We surveyed our past geospatial projects to extract these solutions for our work and hope that these will be useful for others as well.

Our audience are researchers, analysts and engineers delivering geospatial projects. 

We [welcome your comments, suggestions, bug reports and code contributions](https://github.com/thinkingmachines/geowrangler/discussions) to make **Geowrangler** better.

[![](/images/github.svg "View on github button")](https://github.com/butchtm/geowrangler2)


### Context

**Geowrangler** was borne out of our efforts to reduce the amount of boilerplate code in wrangling geospatial data. 
It builds on top of existing geospatial libraries such as geopandas, rasterio, rasterstats, morecantile and others.
Our goals are centered on the following tasks:

 * Extracting area of interest zonal statistics from vector and raster data
 * Gridding areas of interest
 * Validating geospatial datasets
 * Downloading of publically available geospatial datasets (e.g.
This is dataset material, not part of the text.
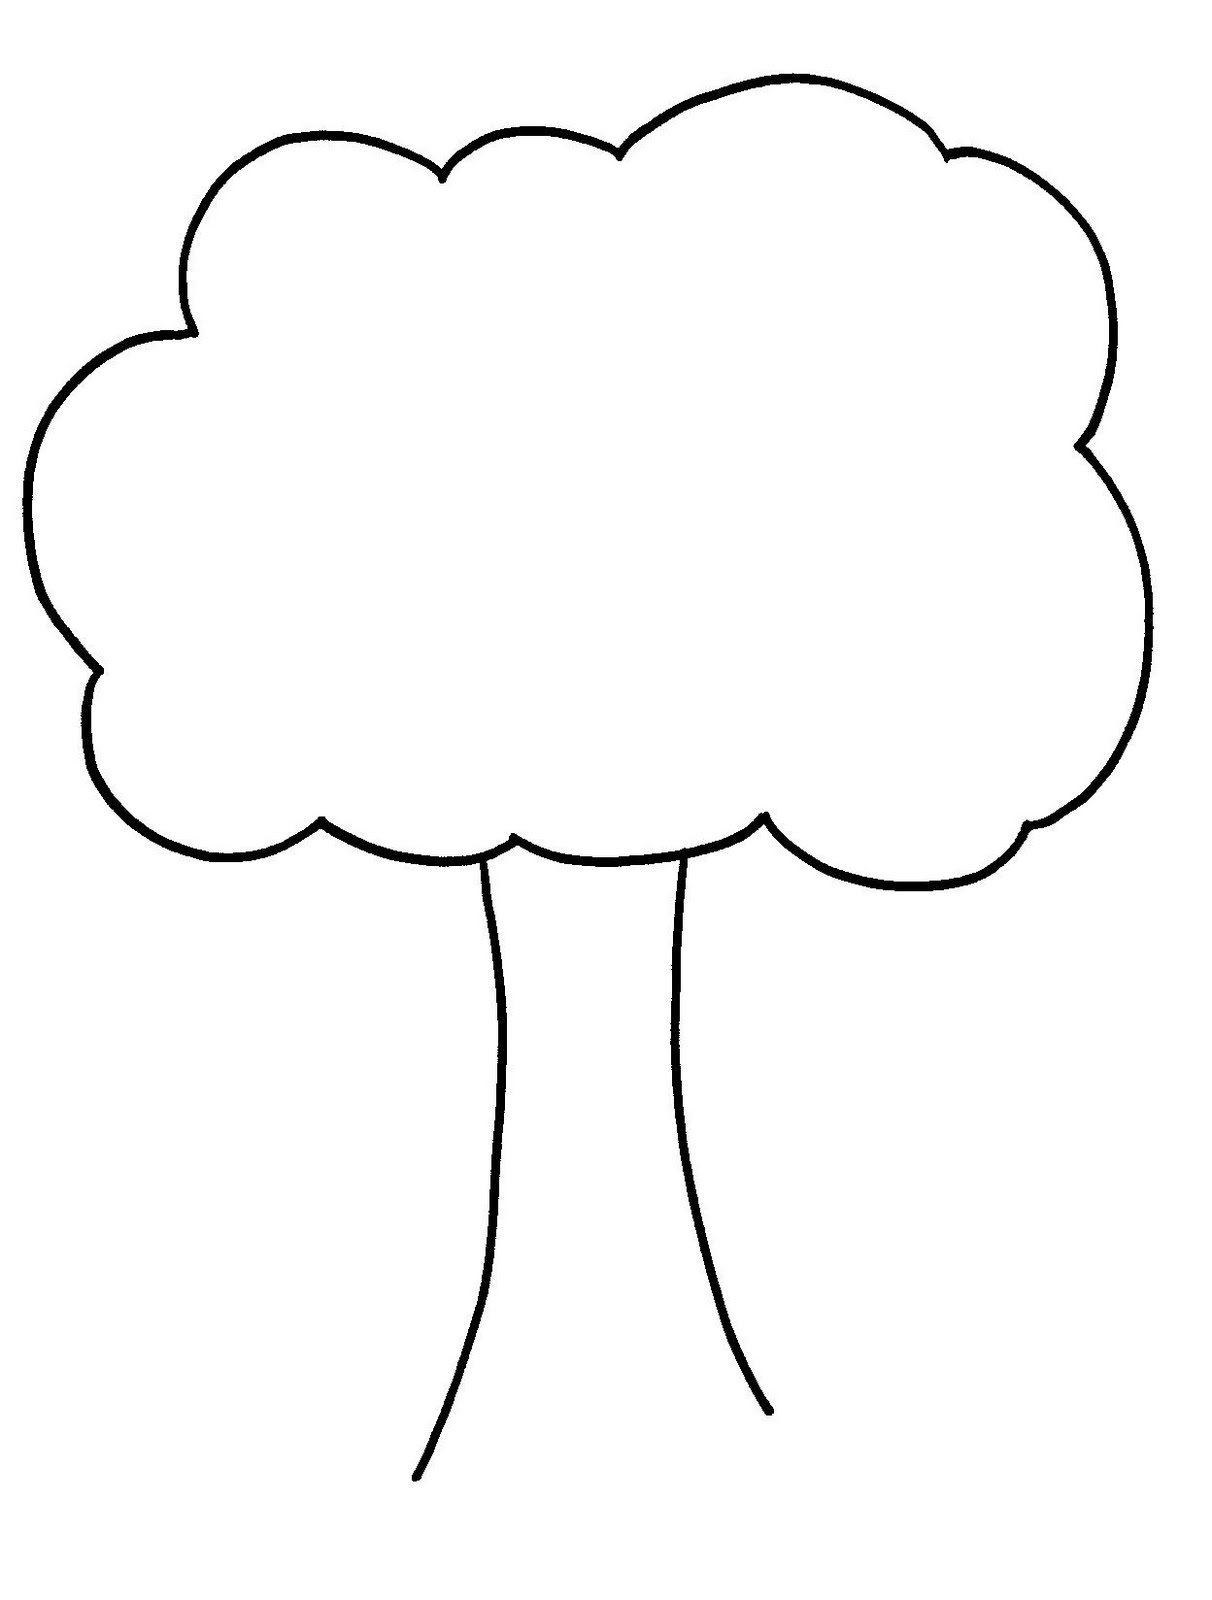 Free Tree Outline, Download Free Tree Outline Png Images, Free Cliparts On  Clipart Library

OSM, Ookla, Nightlights)
 * Other geospatial vector and raster data processing tasks

To make it easy to document, maintain and extend the package, we opted to maintain the source code, tests and documentation
on Jupyter notebooks. We use [nbdev](https://nbdev.fast.ai) to generate the python package and documentation 
from the notebooks. See this document to learn more about our development workflow. 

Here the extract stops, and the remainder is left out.